My name is Boopathi, and I m a Senior Technical Recruiter at Cloud Destinations LLC.
Please see the below job description and let me know if you are interested in this position.
HPC AI Platform Engineer
Remote
6 Months
Position Overview:
The Senior HPC and AI Platform Engineer will lead the engineering and operations of scalable high-performance computing and artificial intelligence platforms. This role plays a critical part in enabling advanced research and scientific outcomes by delivering reliable, high performing infrastructure across on premises and public cloud environments.
Responsibilities:
- Lead the engineering, design, build, and ongoing operation of scalable HPC and AI platforms.
- Enable HPC and AI infrastructure and user experiences to support research and scientific workloads.
- Collaborate closely with researchers and scientists to optimize system performance and streamline workflows.
- Leverage tooling and automation for orchestration, resource scheduling, data access, and reproducibility.
- Evolve and operate public cloud and on premises environments with a focus on availability and performance for HPC and AI workloads.
- Define, monitor, and analyze infrastructure metrics and resource utilization.
- Partner with Linux engineering teams in areas of automation, AIOps, and observability.
Qualifications:
- Bachelor s degree in computer science, information technology, or a related technical field.
- Five or more years of experience as an HPC platform engineer.
- Experience leading global, large scale infrastructure initiatives.

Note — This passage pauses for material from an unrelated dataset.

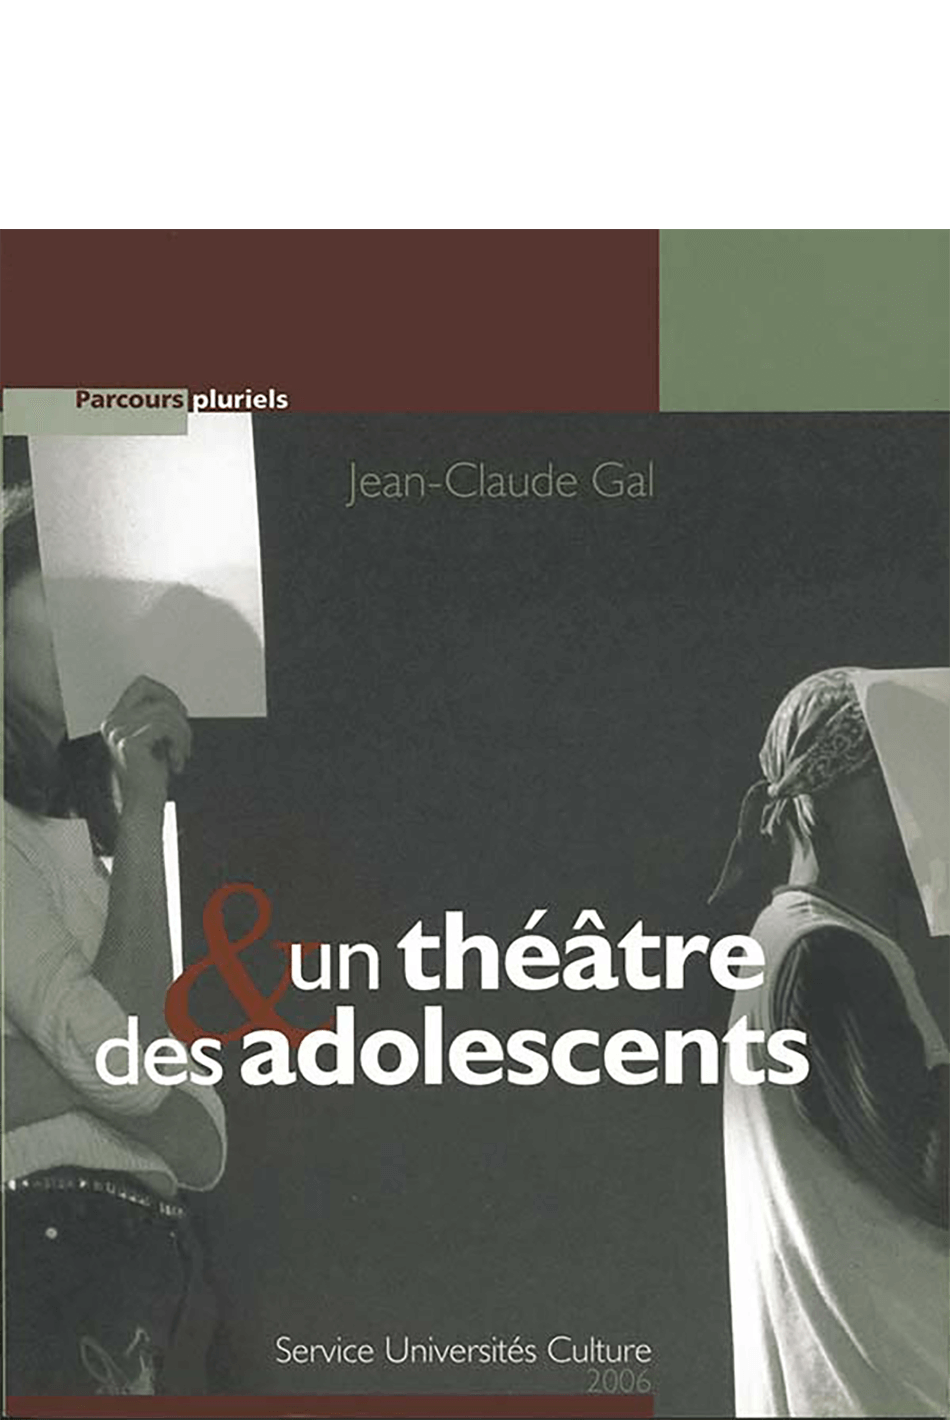 Un théâtre et des adolescents

- Authorized to work in the United States on a full-time basis without employer sponsorship.
Tools and Technologies:
- Hands on experience with HPC platforms and accelerators such as GPU technologies.
- Experience with HPC schedulers such as Altair Grid Engine and Slurm.
- Kubernetes platforms and container technologies including Docker and Apptainer.
- HPC and AI workloads, infrastructure, and cluster architectures.
- Distributed and parallel file systems such as WEKA.
- Advanced Linux command line usage, troubleshooting, and HPC administration.
- DevOps and infrastructure automation tools including GitHub, Chef, Ansible, and Terraform.
- Strong scripting and programming skills using Python or Bash.
- Passion for continuous learning and staying current with HPC and AI infrastructure trends.